US protectionism: Significant knock-on effect on trade partners of targeted countries
- Increased protectionism is affecting a large number of economies – both advanced and emerging
- Use of import tariffs by the US has doubled since 2009, with a sharp increase between 2016 and 2018. Nevertheless, these tariffs still only account for one-sixth of protectionist measures in place worldwide
- An indirect effect of higher US import tariffs has been a fall in exports from partner countries to those countries targeted by increased customs duties. Coface’s estimations show that a 1% rise in US import tariffs leads to an average fall of 0.5% in exports from partner countries to the targeted
- The transport (-4.4%) and machinery (-3.7%) sectors are particularly affected
The net number of protectionist measures currently in place throughout the world is 2.5 times higher than in 2010. In most advanced economies (such as the US, Western Europe, Japan, Canada and Australia) and in many of the large emerging countries (Brazil, Argentina and India), the share of imports impacted by protectionist measures is higher than imports benefitting from favourable measures. Nevertheless, several South East Asian countries (such as Vietnam, the Philippines and Cambodia), as well as Russia and a number of Latin American countries (including Mexico, Columbia and Peru) are not following this trend. The increase in customs duties on imports stands out among the protectionist measures. Although these are still somewhat lesser employed than other instruments, their use has doubled in 9 years (16% of the total measures used as of September 2018, compared to 8% in 2009). Unsurprisingly, the acceleration in import tariffs in the United States has been particularly noticeable between 2016 and 2018 – a period during which they rose from 5.4% to 12.5%. This period reflects the turning point in the country’s trade policies, following the election of Donald Trump. At the same time, with the number of regional trade agreements continuing to grow, easing trade barriers is currently the most widely-used instrument for encouraging free trade networks and multinational production chains.

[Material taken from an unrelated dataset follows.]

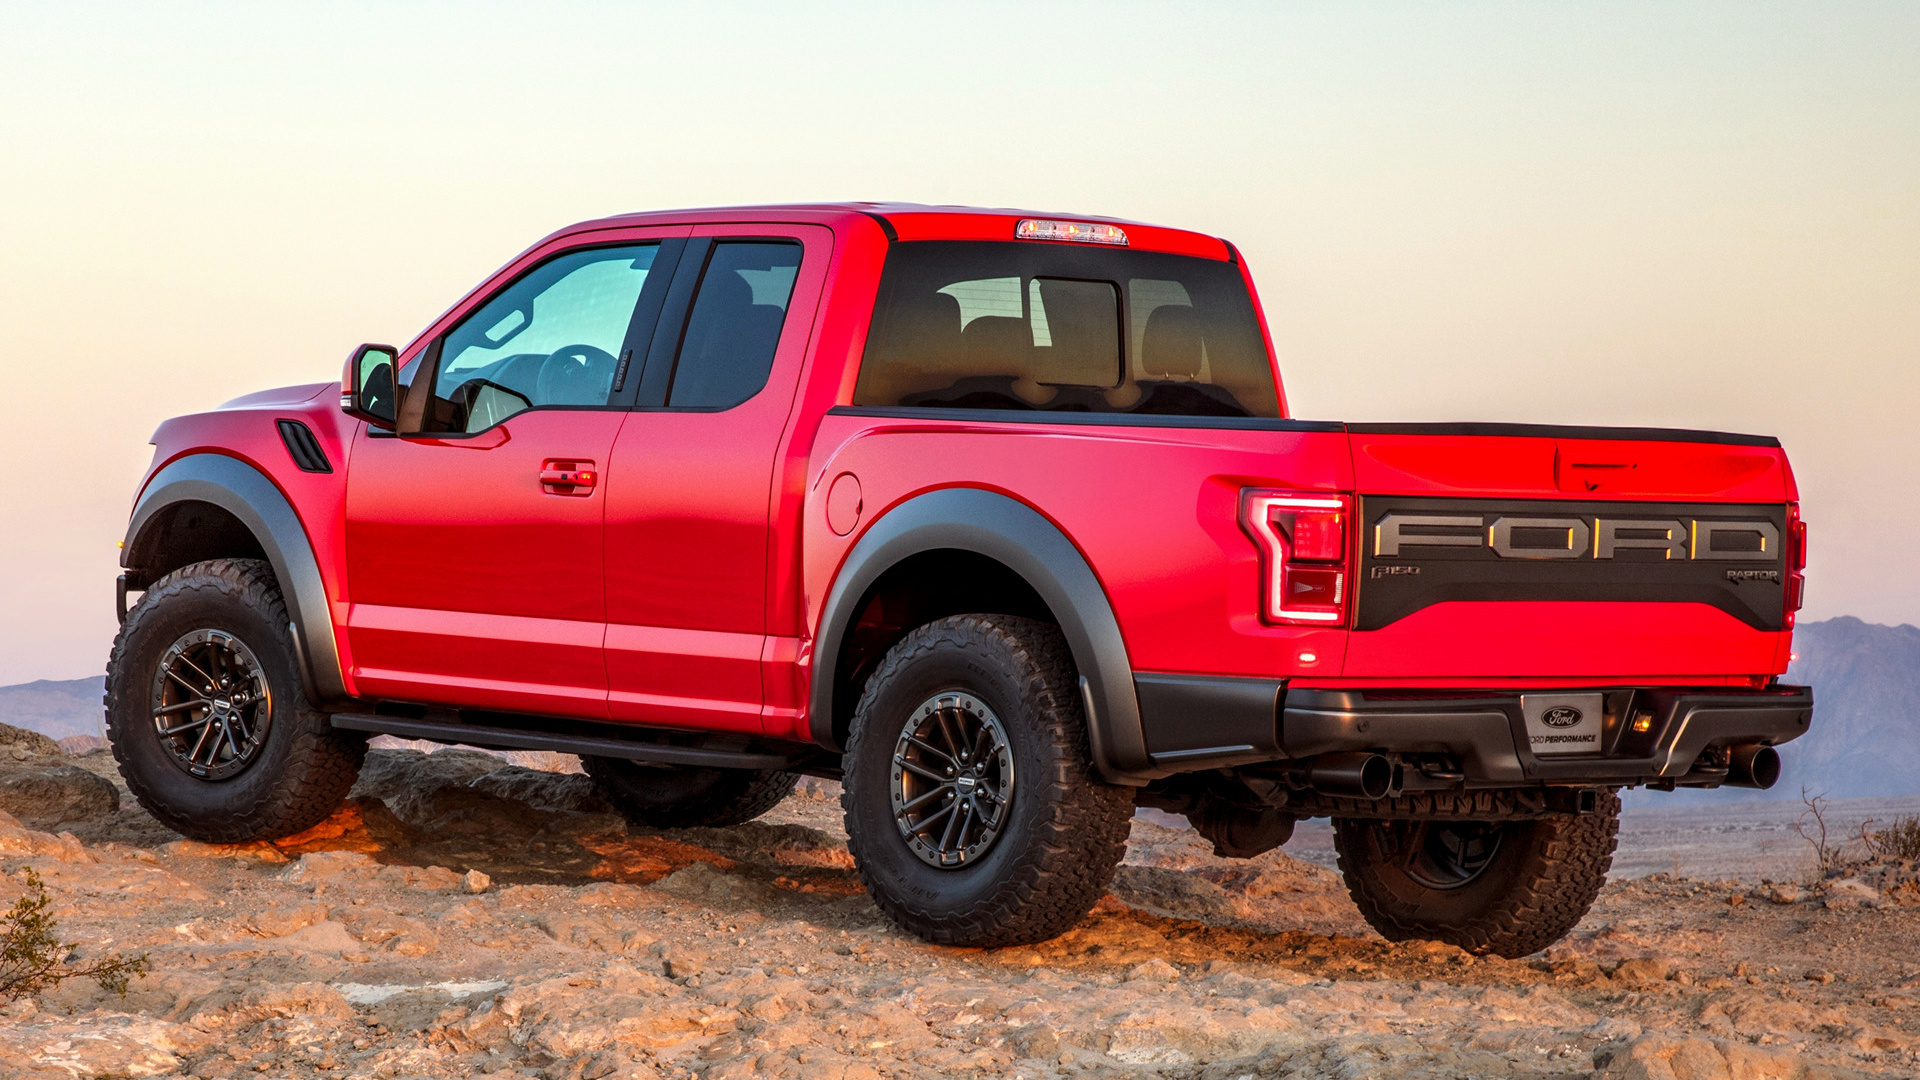 2019 Ford F 150 Raptor Supercab Hd Wallpaper Background Image 1920x1080
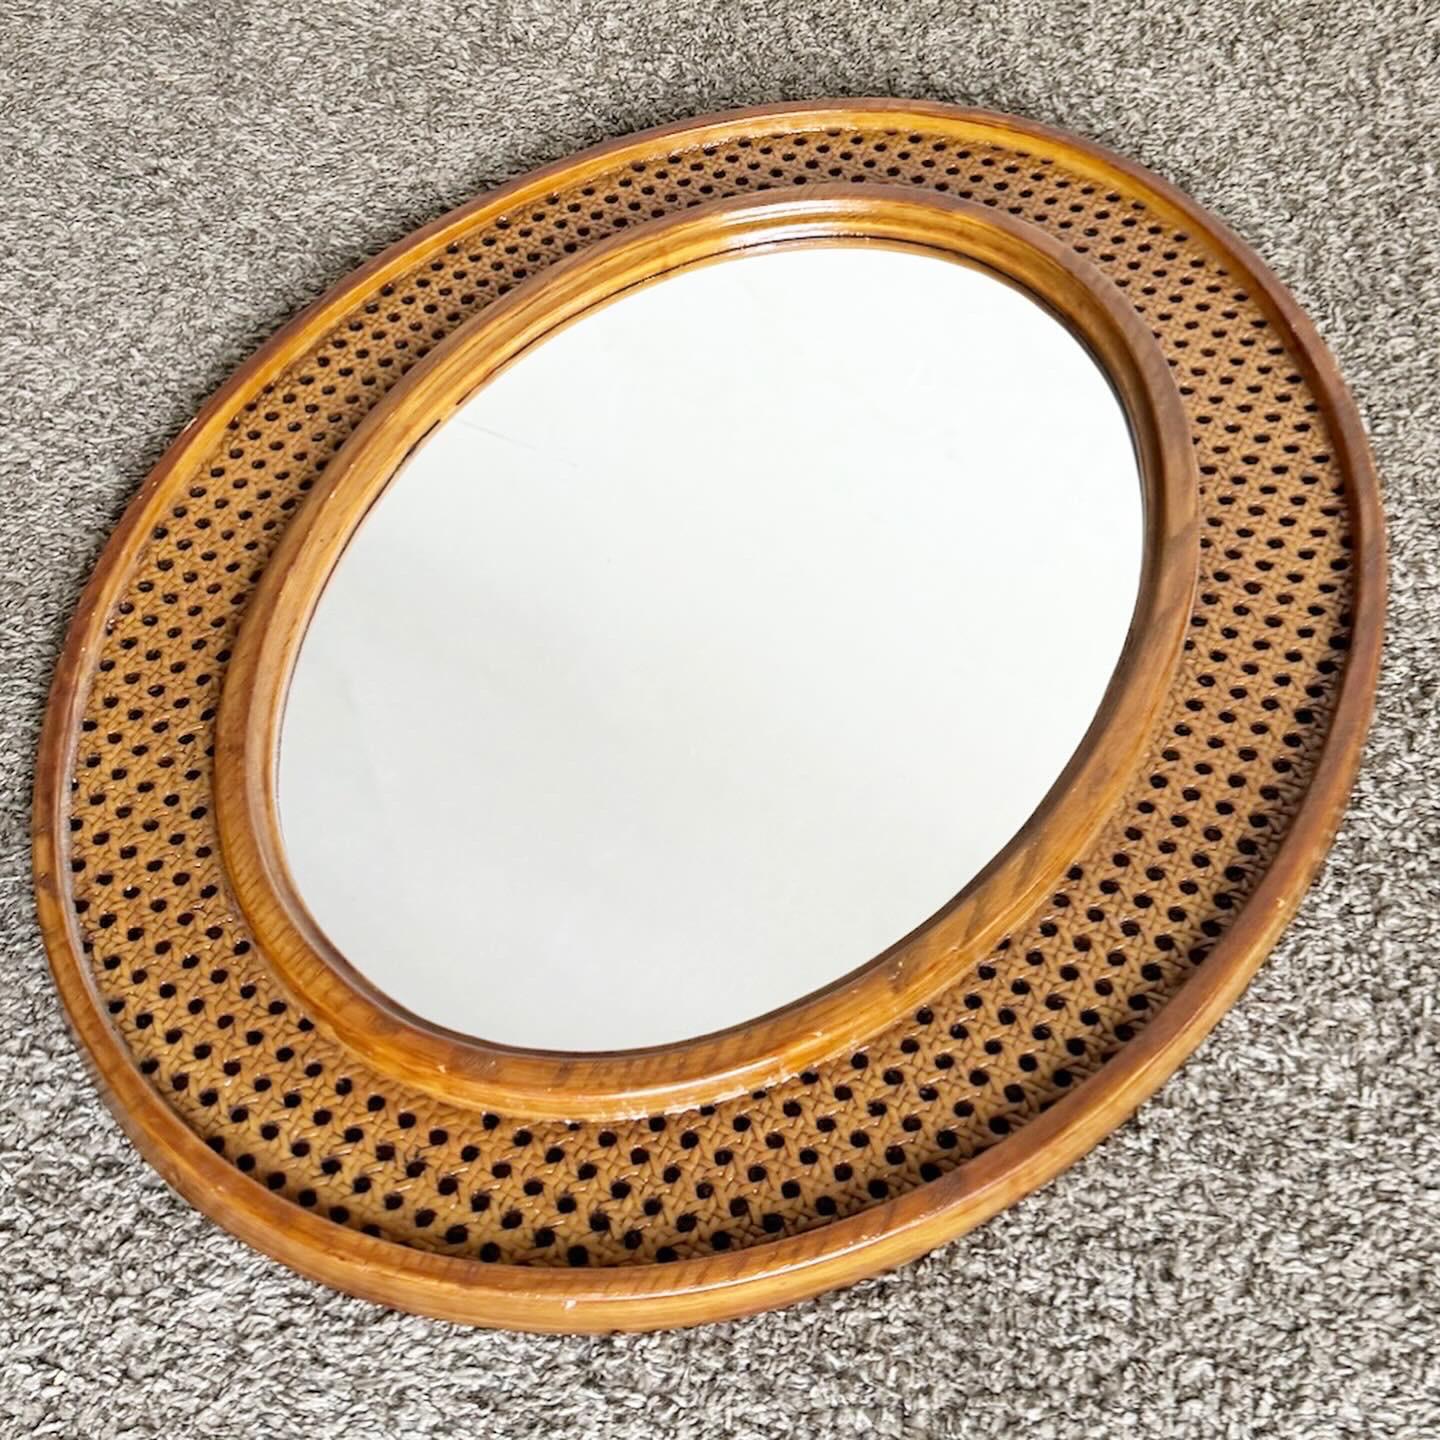 The Boho Chic Plastic Faux Cane Framed Wall Mirror combines modern materials with bohemian style. Its high-quality plastic frame, designed to resemble cane, adds rustic charm and warmth. The mirror provides a clear reflection, ideal for brightening

Increased protectionism, triggered by the recent rise in US customs duties, is giving rise to concern that many of the countries involved in production chains will be impacted by knock-on effects. In addition to the direct effects, Coface has identified indirect negative impacts of tariff increases on the value-added exports of 12 business sectors, in 63 countries. A one percentage point rise in US tariff barriers, to any given country, results in a 0.46% decline in value-added exports from a partner country to the country targeted by the customs duties (all things being equal). When this estimation is limited to manufacturing sectors, the fall would be 0.6%.
"The indirect effects on the value-added exports of partners that trade with the countries targeted by US tariffs are significant – although, unsurprisingly, lower than the direct impacts” commented Julien Marcilly, Coface Chief Economist. “This can be explained by the fact that partner countries may redirect some of their exports to other US supplier countries that are not affected by tariff barriers. This would make it possible for partner countries to mitigate the contagion effect on intermediate goods exported by partner countries.”
The indirect impacts are particularly prevalent in the transport sector (which includes the automobile industry), as it involves a complex multinational production chain. If US tariffs on the transport sector for a targeted country are increased by one percentage point, this could lead to an average fall of 4.4% in a partner country’s added value exports to the country concerned. As an example, Germany, Japan and the United States are the three countries most impacted by the indirect effects of US tariff barriers on Chinese automobile exports. The machinery, mining and paper-wood sectors are also affected, with elasticities of -3.1%, -3.1% and -2.4% respectively. As regards the electronics sector (-1.4%), Vietnam, South Korea, Japan, Taiwan and Thailand will be the biggest victims of the indirect effects of US tariffs on Chinese phone exports. Conversely, the indirect impacts are lower for food products and relatively insignificant for metals, chemicals and agricultural products.